In this chapter we see something of the mechanics of a change in fortunes and a restoration and renewal among the people of God. Jeremiah sees a vision consisting of two baskets of figs.
So it was in the great reawakening of the 19th century, that many evangelicals were passed by, and many others were renewed. There were many Baptist churches, and many Independent churches, and interestingly enough, Methodists too who were largely passed by. A hundred years and more before, it had been the early Methodist preachers who were the instruments of revival. By 1859, they were passed by. Good figs, bad figs. Here is the principle: ‘You see the people who are going to be carried away into captivity?’, says God to Jeremiah; ‘I will bring out of them a remnant and bring them back. But the bad figs, I'm just going to let go. I'm not going to revive them.’ When we look at evangelicalism today, and we pray for revival, and we are concerned to see a resuscitation of things and restoration and renewal in our time, let's make no mistake: it won't be after the principle of God's way of working to restore everything. It will be after the principle of God's working, that there will be a new generation or a remnant used, if there is to be restoration and renewal to bring in a fresh tide of blessing. But even though they may be born again and their redemption will not be lost, and they may go to be with Christ forever, it may well be that a whole generation of lethargic, unappreciative Christians, who have been party to the great decline, are not used in the restoration and in the renewal. If they prefer compromise to standing for the Lord; if they prefer accommodation to all the things the Lord hates, the Lord will pass them by. So here is the question: if there is to be restoration and renewal in our time, will we be among those who are passed by? Or will we be privileged to be among the new generation that the Lord raises up for a great tide of blessing? Which will it be? Because here is the principle by which God works: he doesn't restore the whole lump. He takes out a remnant, a faithful remnant, and in the course of time he blesses it and he bypasses the others. Even though they may be born again, they may lose participation in great instrumentality and in restoration and in renewal.

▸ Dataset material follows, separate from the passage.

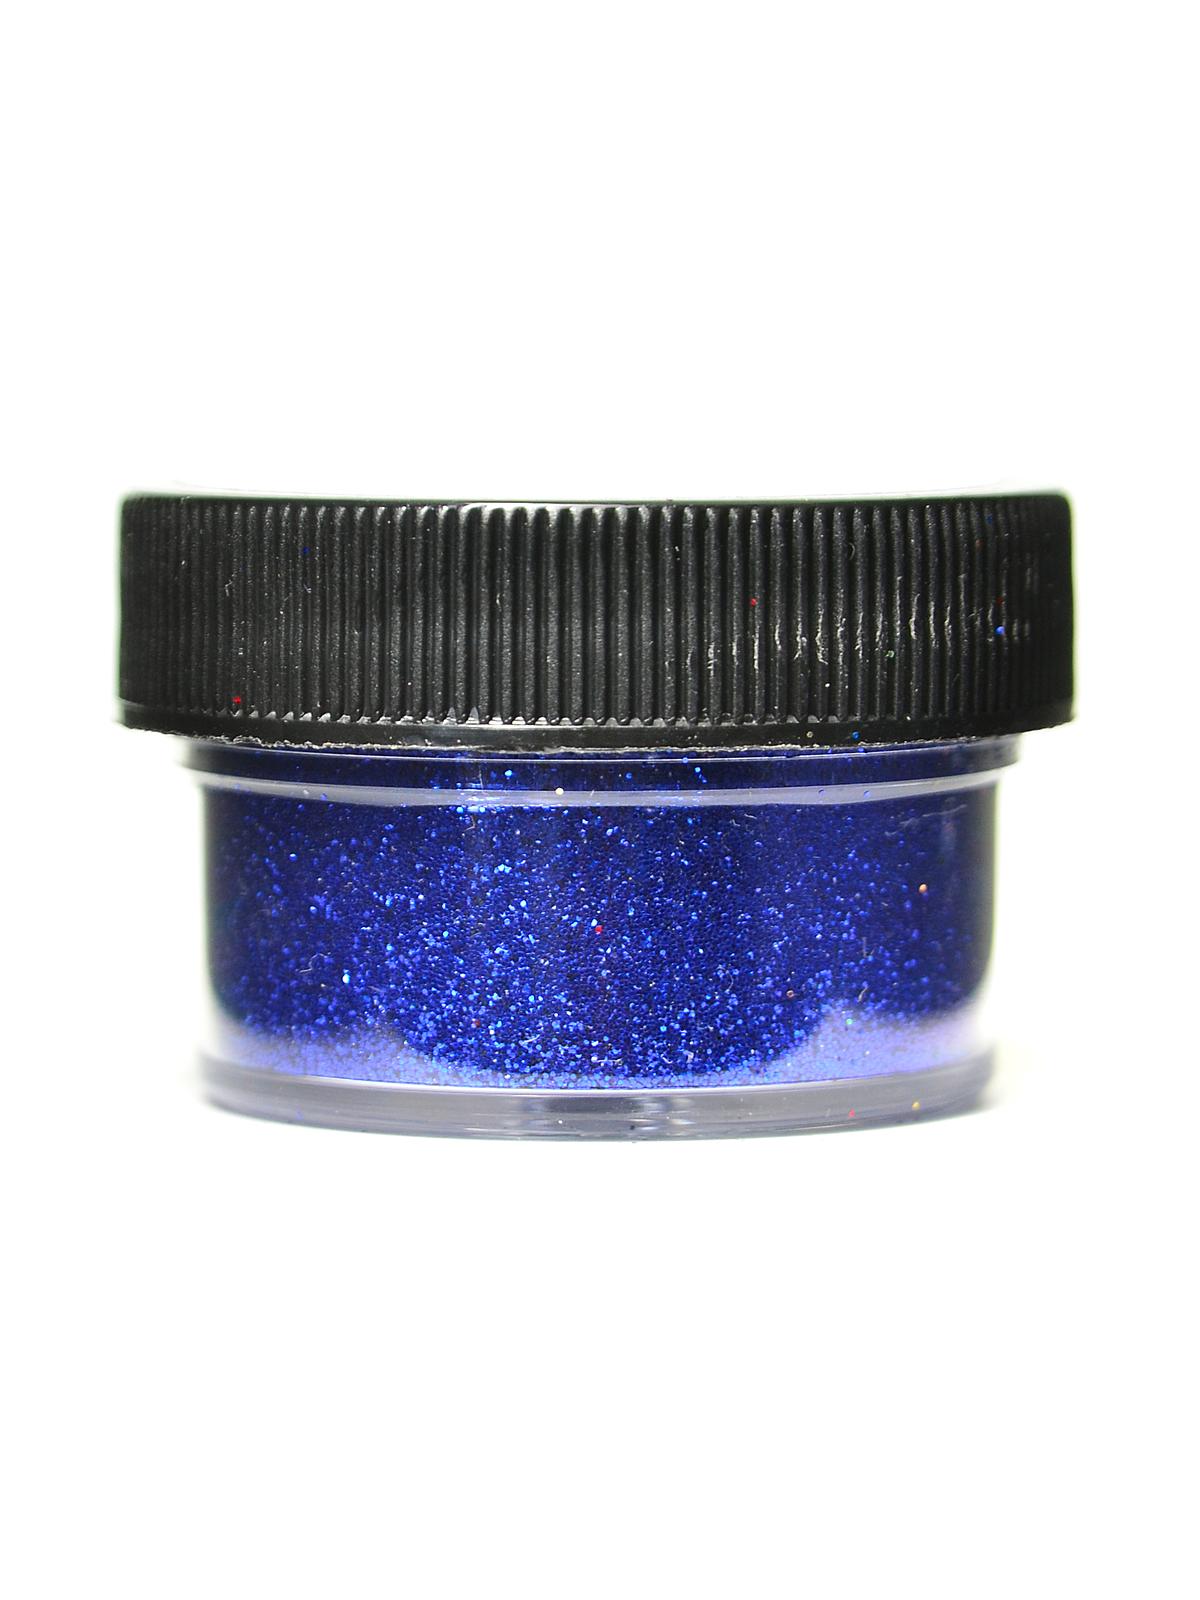 Ultrafine Opaque Glitter Canadian Blue 1 2 Oz. Jar

It is so kind of the Lord that in this great Book of the prophet Jeremiah, where there are so many prophecies given at different times about the impending judgement, some starting over a decade before it took place, going right up to the eleventh hour. Interspersed with them are these promises of a glorious future: the return from captivity, and then the coming of Christ. What an encouraging way to construct a book, so that the enlightened and the godly kept coming across the promises, the prophecies.